Commercial dog food can be supplemented with fresh food, which is a healthier way to go. Remember to read the labels on the packaging before making your purchase. Meat, not animal by-products, should be the first two ingredients. Avoid foods with soy beans and excessive amounts of corn. Brown rice, barley, oats or millet are better. Sweet potatoes, pumpkins, green vegetables, blueberries and cranberries are full of nutrients and are a better source for fiber and carbohydrates.
Avoid foods containing the chemical preservatives, BHA, BHT, ethoxyquin or propyl gallate. Instead choose foods preserved with tocopherol (Vitamin E) and ascorbic acid (Vitamin C), garlic and rosemary.

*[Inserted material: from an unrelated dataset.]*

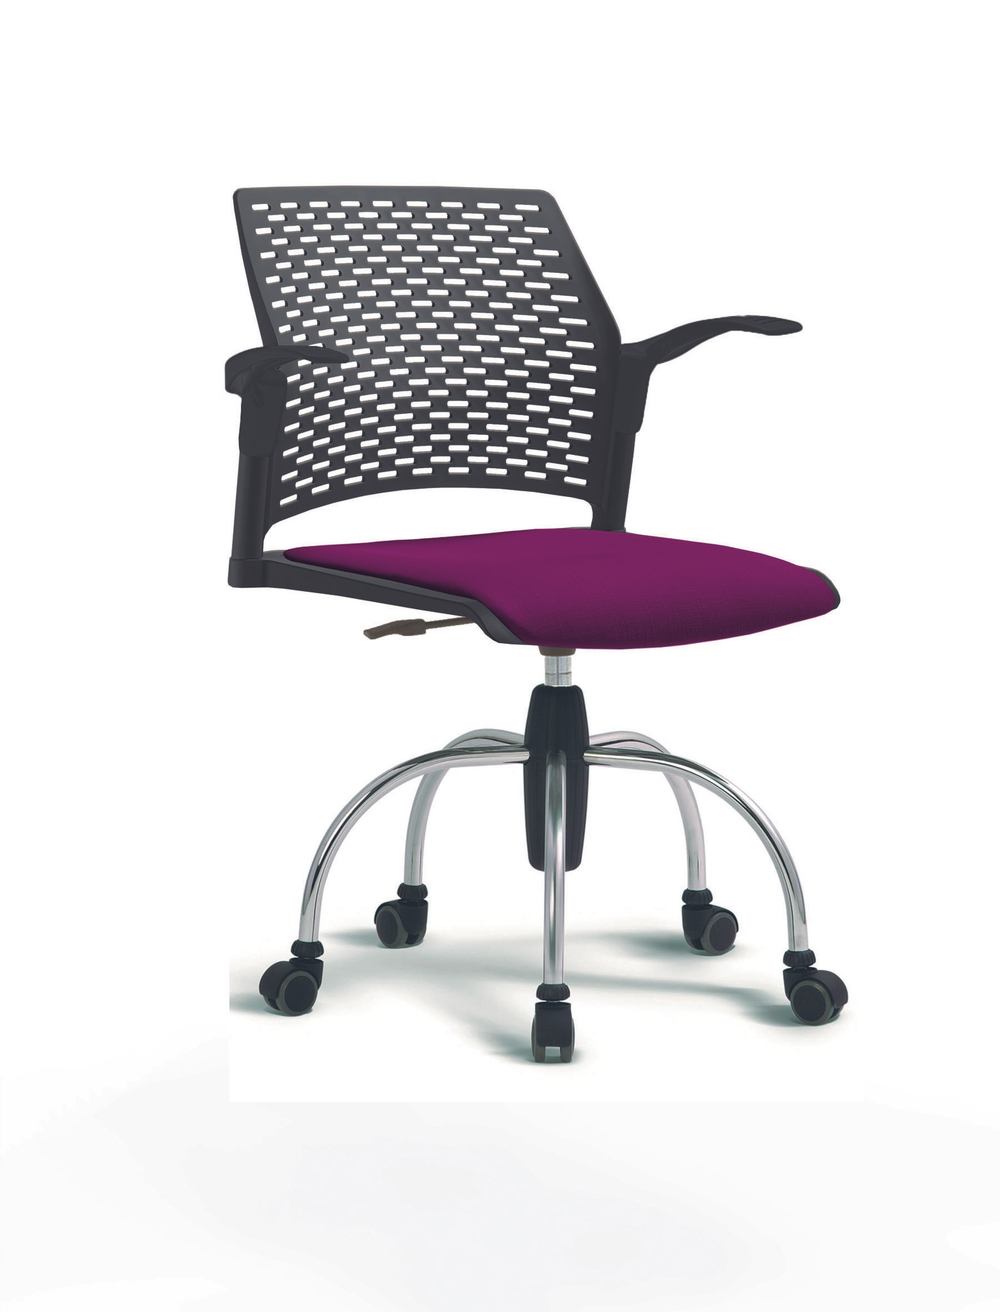 Кресло Rewind каркас хромированный, пластик черный, база паук хромированная, с открытыми подлокотниками, сиденье фиолетовое

Usually, but not always, your premium brand dog foods are the best, just be sure to read the ingredient labels, not the packaging ads. Holistic pet foods are usually the way to go with ingredients that are 100% natural, but again read the labels.
A Note on Preservatives in Dog Food
Preservatives in dog food are a necessity for a long shelf life. If the product you are buying says “no preservatives added” this only means that the dog food manufacturing plant did not add “any more”. Preservatives are added to the food in the rendering plants before it gets to the manufacturers.

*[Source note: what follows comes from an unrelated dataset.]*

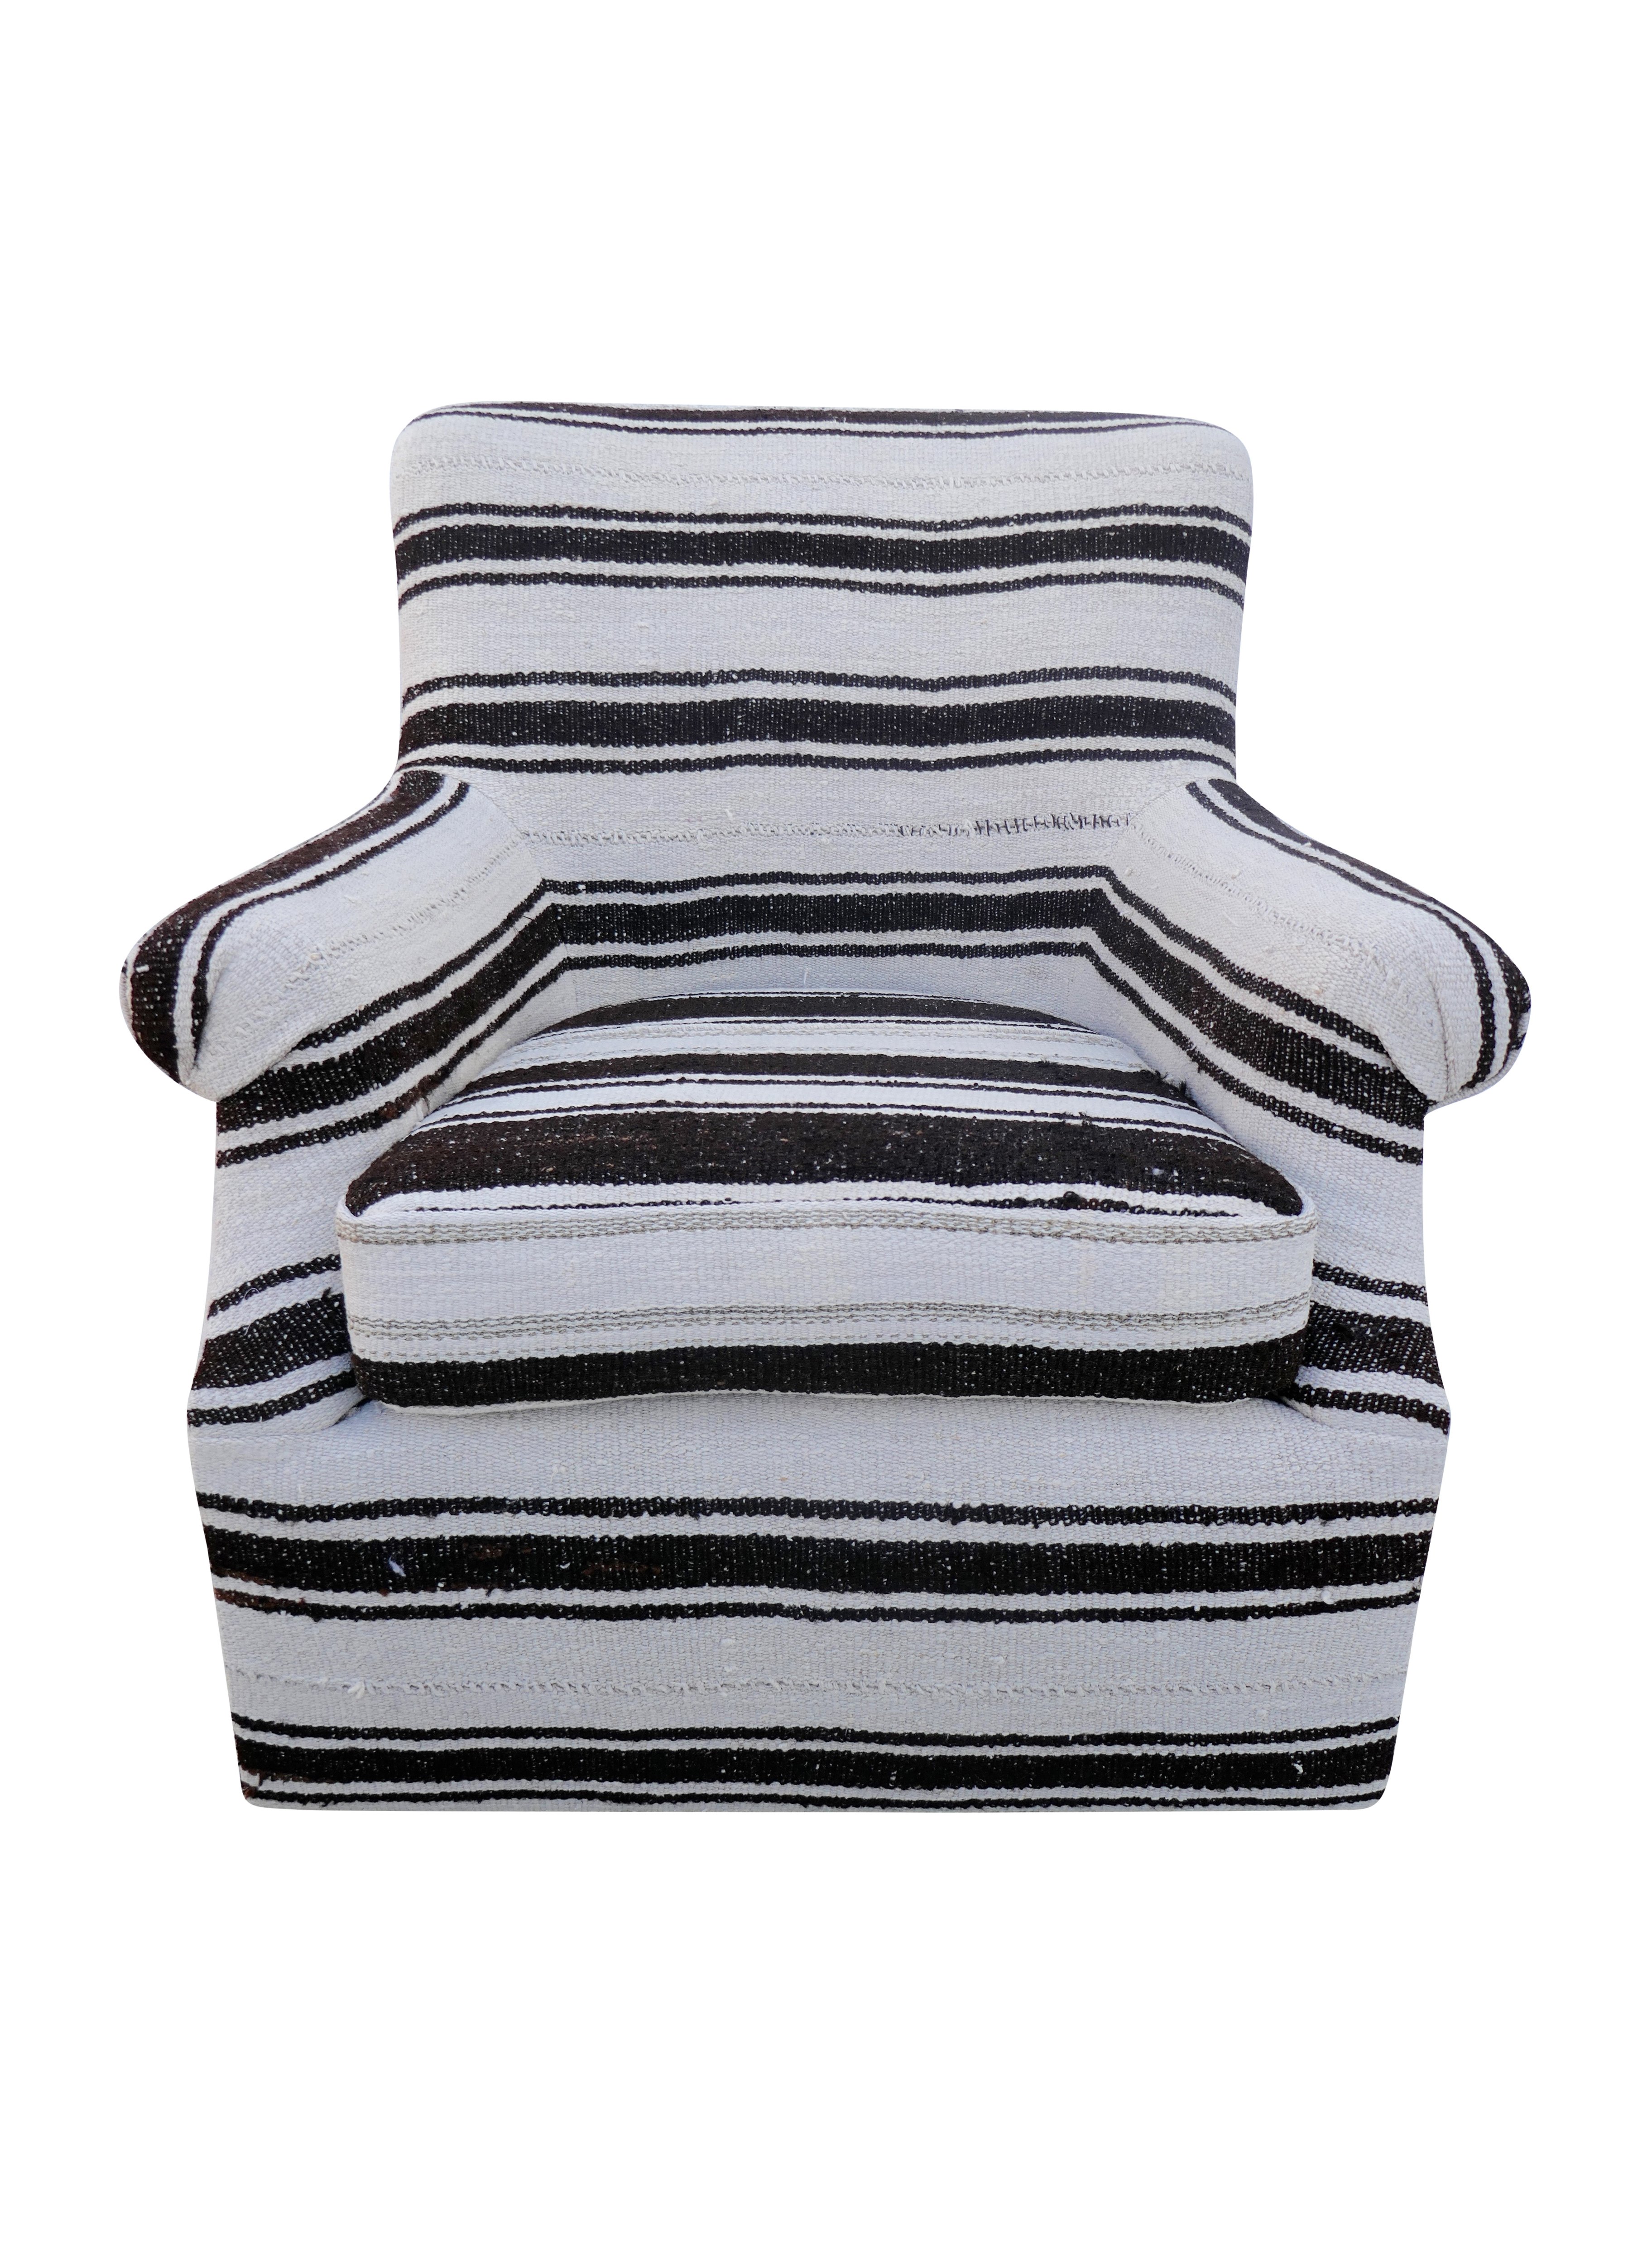 Vintage Berber Wool Kilim Swivel Chair~P77613186

Once the manufacturer gets it from the rendering plants they then have choices on how to preserve the fat in the food to prevent it from becoming rancid.
They can use the chemicals BHA, BHT, ethoxyquin or propyl gallate. If a fat is preserved with these chemicals, it will have a long shelf life and be little affected by heat and light, however they can have lasting damaging effects on your dog. If you see these ingredients, especially ethoxyquin, listed on your packaged food, move on to a healthier brand.
The manufacturer also has the choice to use natural preservatives, such as ascorbic acid, otherwise known as Vitamin C and tocopherol, which is Vitamin E. The down side is a shorter shelf life, no more than six months. Oils of rosemary and clove are also natural alternatives to preserving the fats in their products.